Das Hausmädchen holte die beiden Jungen ab, um sie anzukleiden, und Frau Burton verlor sich in ernste Betrachtungen. Wie eilte die Zeit dahin! Vor dem Frühstück hatte sich ihr Gemahl verzweifelt pessimistisch über ihre Erziehungsgrundsätze geäußert, und trotz ihrer wunderbaren Beredsamkeit hatte sie ihn nicht zu überzeugen vermocht. Sie fühlte, daß sie bis jetzt in der Praxis eine Niederlage nach der anderen erlitten habe. Aber ihr Gemahl selbst hatte ihr einst erzählt, daß auch die besten Feldherren die ersten Schlachten zu verlieren pflegen, und sie schöpfte daraus die Hoffnung, daß sie trotz der erlittenen Niederlagen doch schließlich den Sieg davontragen würde.

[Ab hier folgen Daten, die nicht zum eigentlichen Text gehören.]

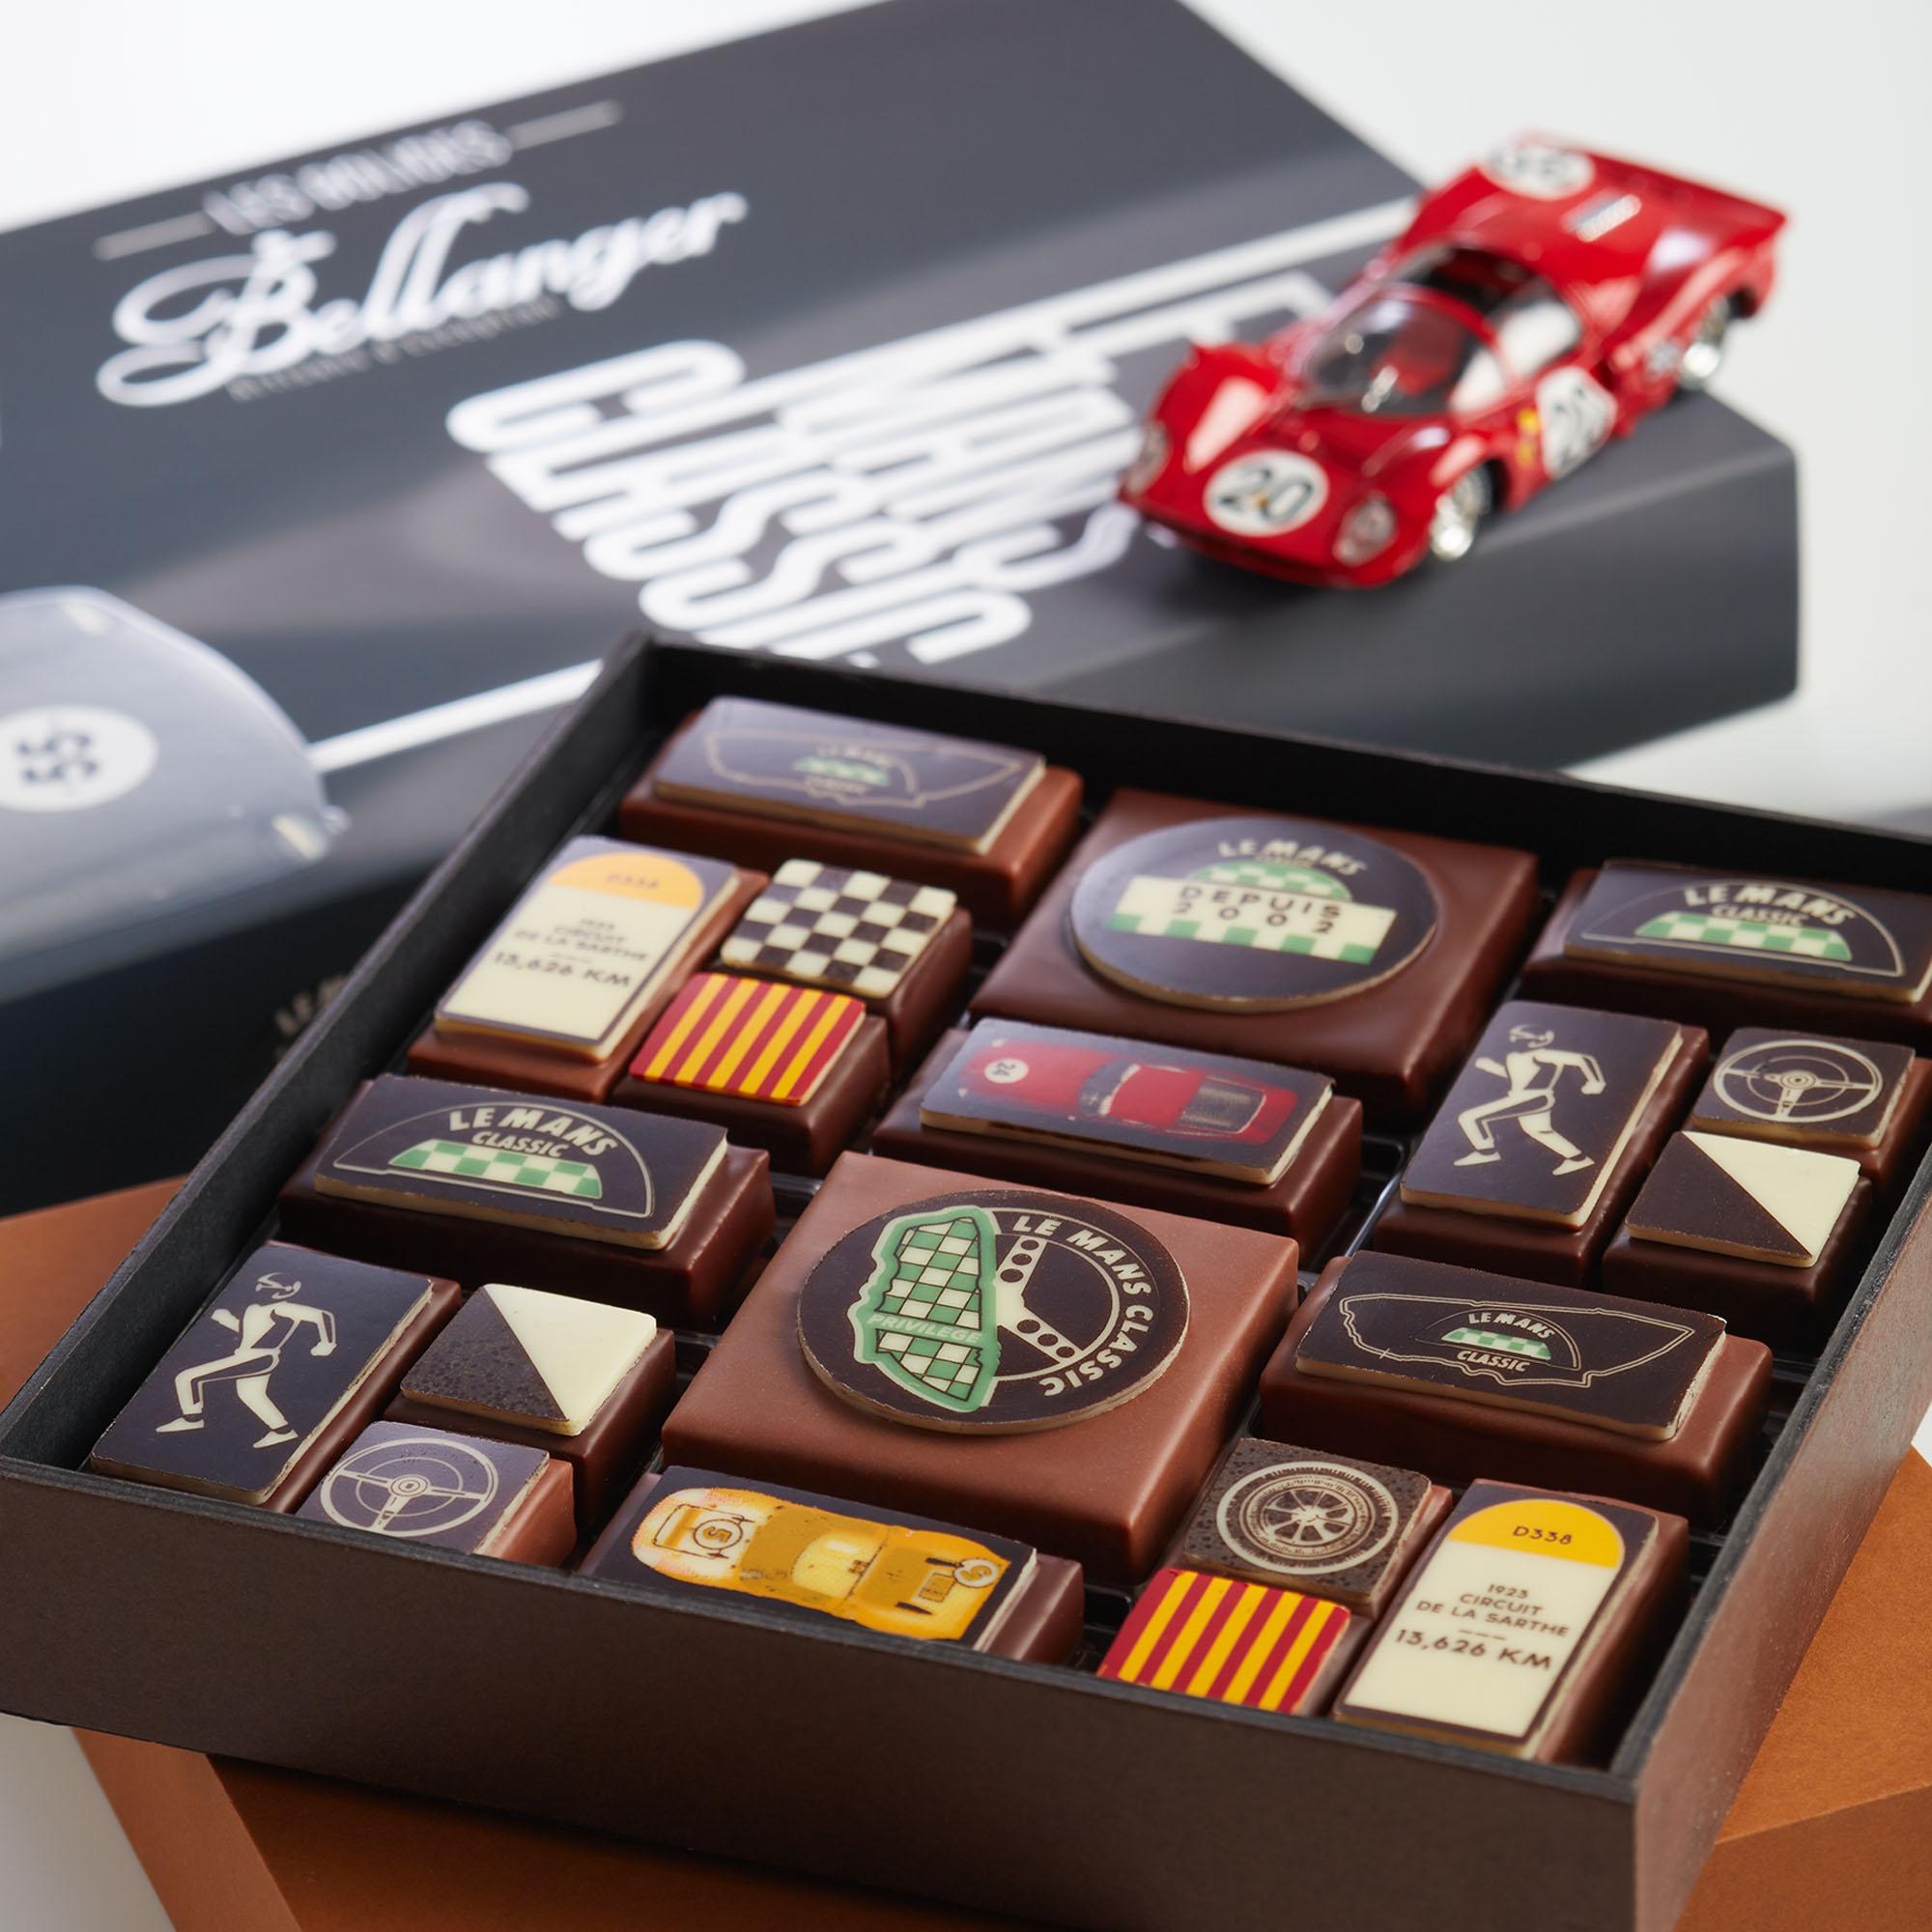 chocolats bellanger le mans classic

Sie wollte und mußte siegen! Der schreckliche Gedanke, ein lebenslängliches »Hab's dir doch gleich gesagt« von ihrem Gemahl hören zu müssen, härtete ihren Entschluß, sich durch keinen Mißerfolg in ihren Bestrebungen beirren zu lassen. Die erlittenen Niederlagen ließen sie freilich, wie schon manchen General, erkennen, daß der gute Wille allein den Erfolg nicht verbürgt, und daß die Fähigkeit, sich eine klare Vorstellung von dem zu machen, was eigentlich erreicht werden müßte, sehr verschieden ist von der Fähigkeit, die zur Erreichung dieses Zieles richtigen Mittel und Wege zu finden.

Die Frühstücksglocke schreckte sie aus ihren Betrachtungen auf, mit denen sie bereits im Thale der Demütigung angelangt war. Sie fand ihre Neffen bereits am Frühstückstisch – Willi in gefälligem Matrosenanzug und Toddi in einem reinen Röckchen und tadellos weißer Schürze. Eine früher gemachte Erfahrung veranlaßte sie, den Untersuchungen Toddis, ob unter Tantes Tafelgeschirr auch »Schildtötenteller« seien, ein jähes Ende zu bereiten, und ein Versuch Willis, Terry Austern in das Maul fallen zu lassen, wie er es seinen Onkel am Morgen mit Brotrinde hatte machen sehen, wurde gewaltsam verhindert. Hiervon abgesehen machten es die Kinder bei Tisch nicht schlimmer oder nicht mal so schlimm, als man es in guter Gesellschaft häufig zu machen pflegt.